Setelahnya tak ada percakapan di antara keduanya. Lana berfokus pada jalanan, sementara Anya diam membisu. Hingga pada akhirnya si manis tak tahan untuk tidak bertanya. "Kita mau ke mana? Ini bukan jalan ke rumah ku."

"Lho, bukannya beberapa hari kemarin lu berangkat sekolah dari arah ini?"

Anya menunduk.

"Bukan, itu bukan aku."

"Bukan lu?" Entah mengapa Lana ingin menjewer kedua belah pipi Anya hingga memerah, kalau bisa sampai keropos sekalian. Mana mungkin yang tiap hari stalker dirinya itu bukan Anya, sudah jelas terlihat masih saja mengelak. Dasar bocah.

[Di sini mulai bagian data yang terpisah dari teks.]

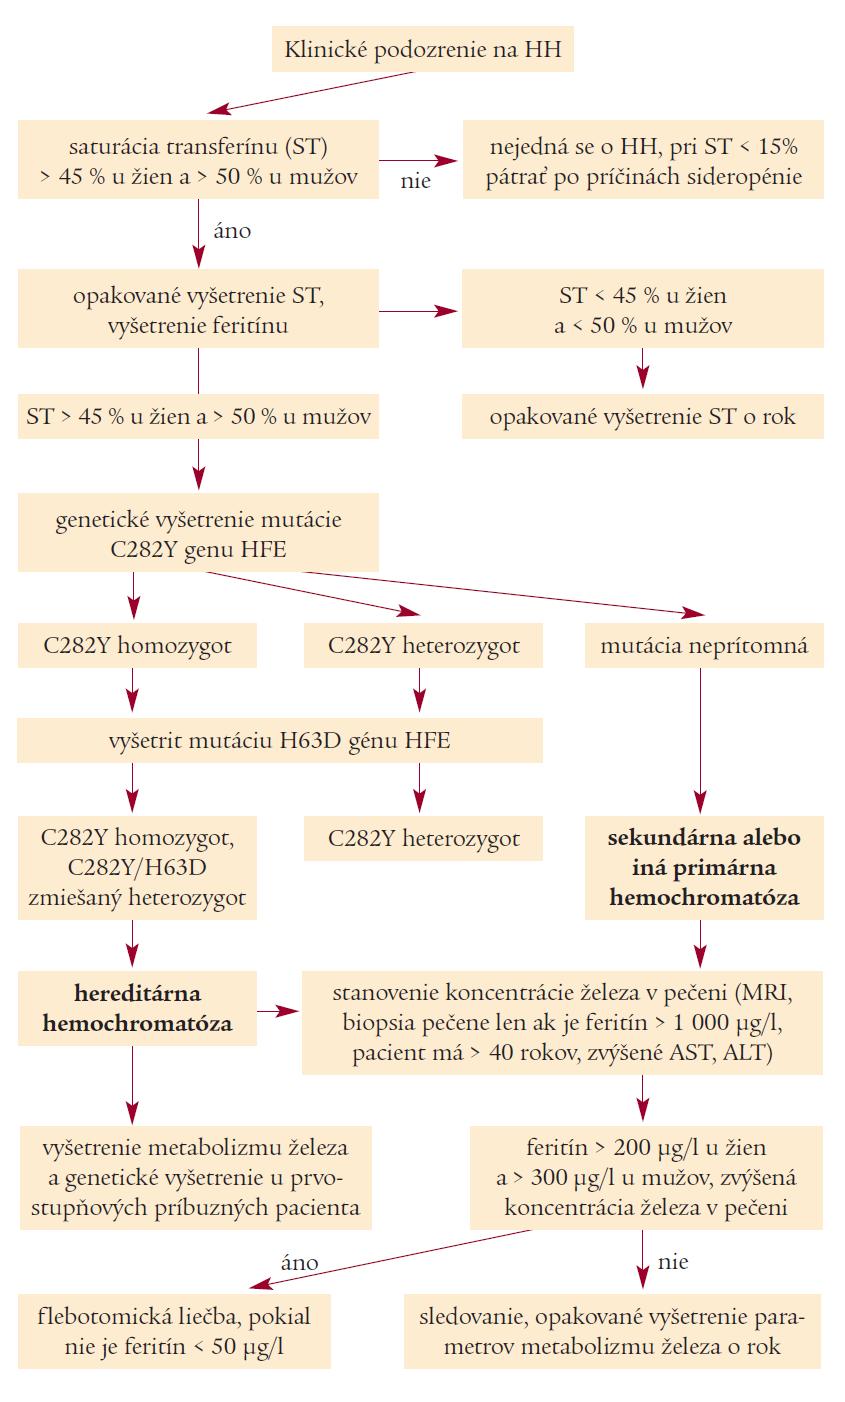 Schéma. Skríningový algoritmus pre hereditárnu hemochromatózu.
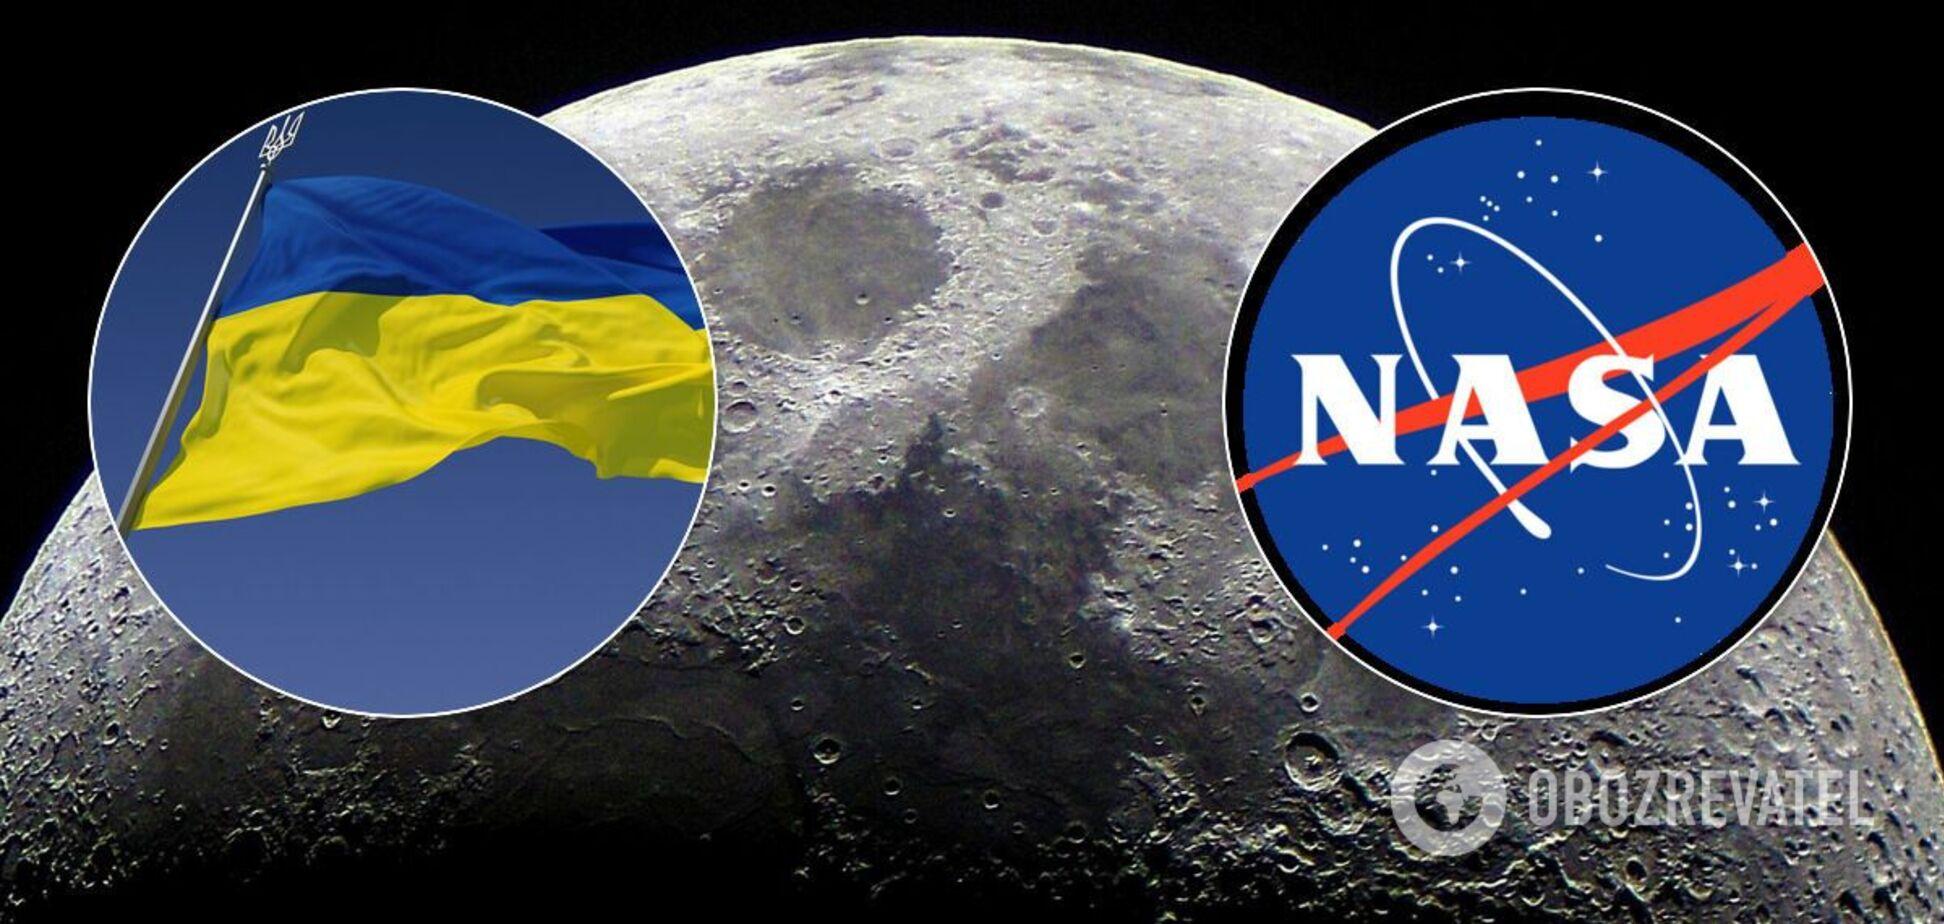 Україна спільно з NASA буде вивчати Місяць та Марс
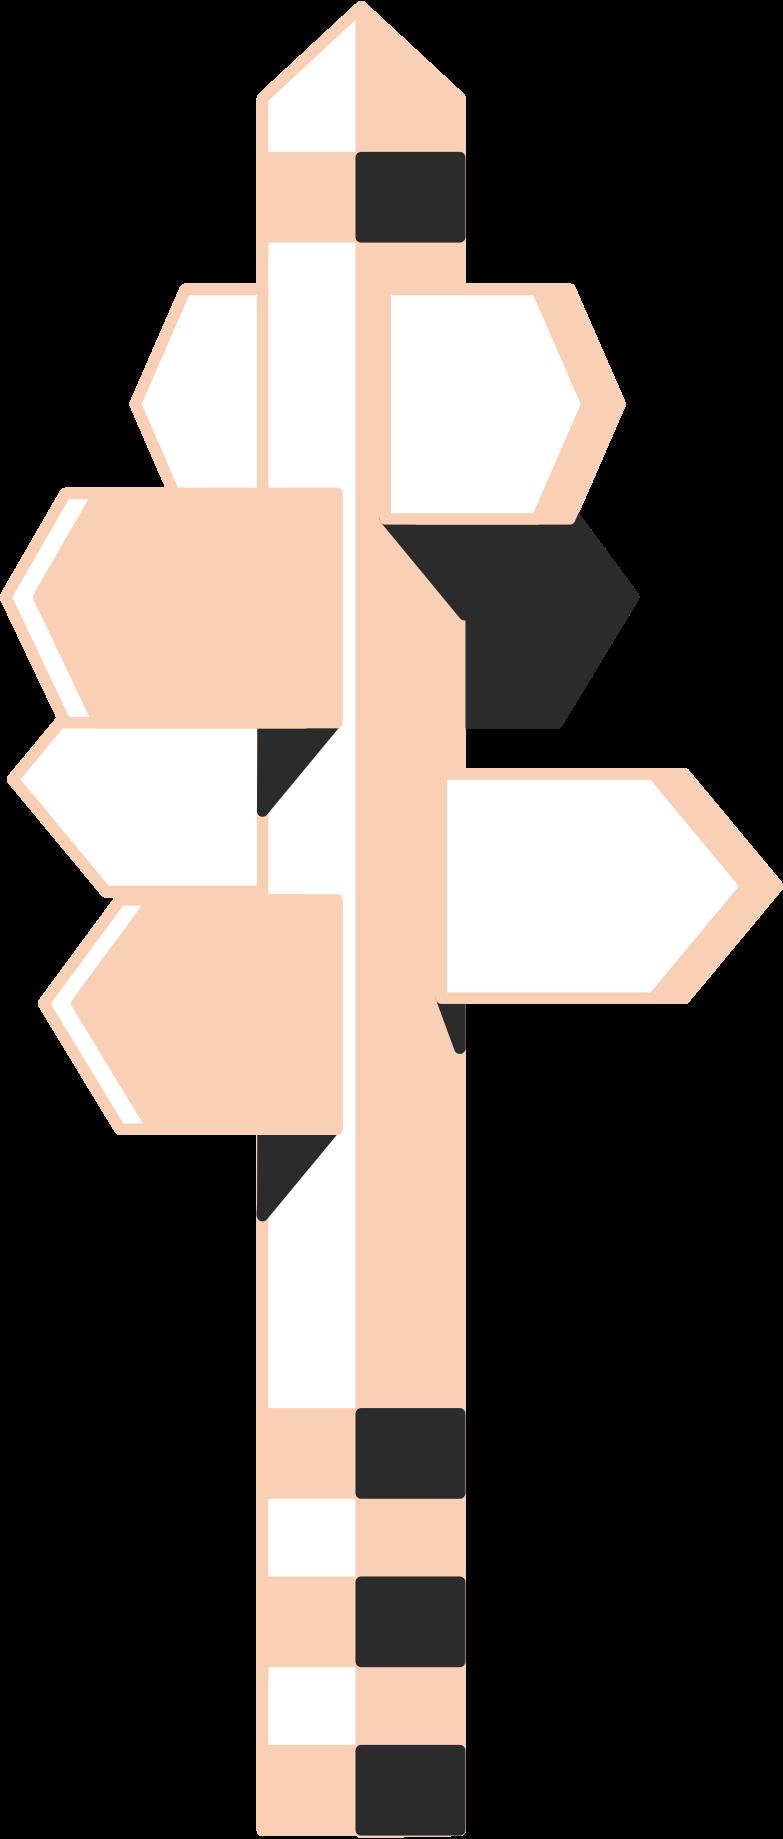 navigation post Clipart illustration in PNG, SVG
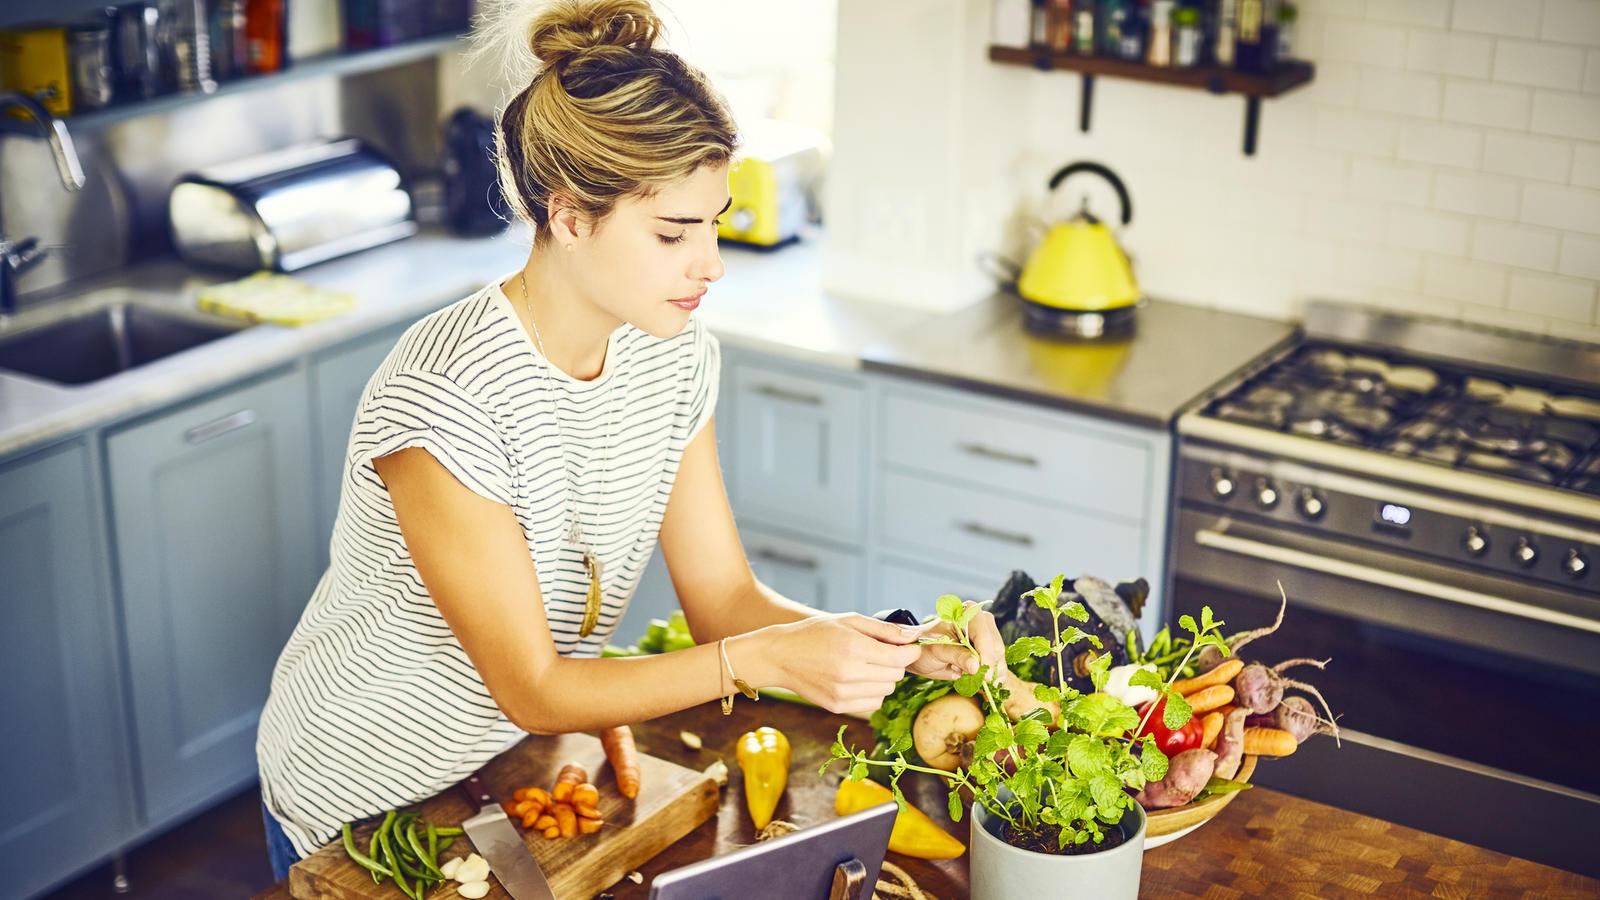 Der Kalorienbedarf ist bei jedem Menschen ganz individuell

"Kalau memang aku, berarti itu hanya kebetulan."

"Kebetulan sesering itu?"

Anya tak menjawab, dan Lana tersenyum miring. Rupanya menjahili si boncel ini memberikan kesenangan tersendiri untuknya. "Lalu, jangan bilang kalau yang nge-hack percakapan kami di cafe kemarin, lu juga? Wajah manis ini ternyata bahaya juga ya."

Lana menghentikan motor di depan rumahnya. Sudah sepi, pertanda teman-temannya sudah pulang. Ia memegang pergelangan tangan Anya, tetapi gadis itu menolak untuk masuk ke rumah besar nan mewah itu.

"Kenapa lagi?" tanya Lana.

"Aku maunya pulang ke rumahku sendiri."

"Sementara lu gue sandra dulu, sampe lu benar-benar gak bakal ngomong dan ngebocorin kejadian ini ke siapapun. Termasuk ke Bima."

"Haa? Aku harus tinggal di sini?"

Lana tak menjawab, hanya tersenyum menyeringai, lalu menyeret Jeongin masuk ke dalam rumahnya. "Kayaknya sekarang gue mulai punya hobi baru."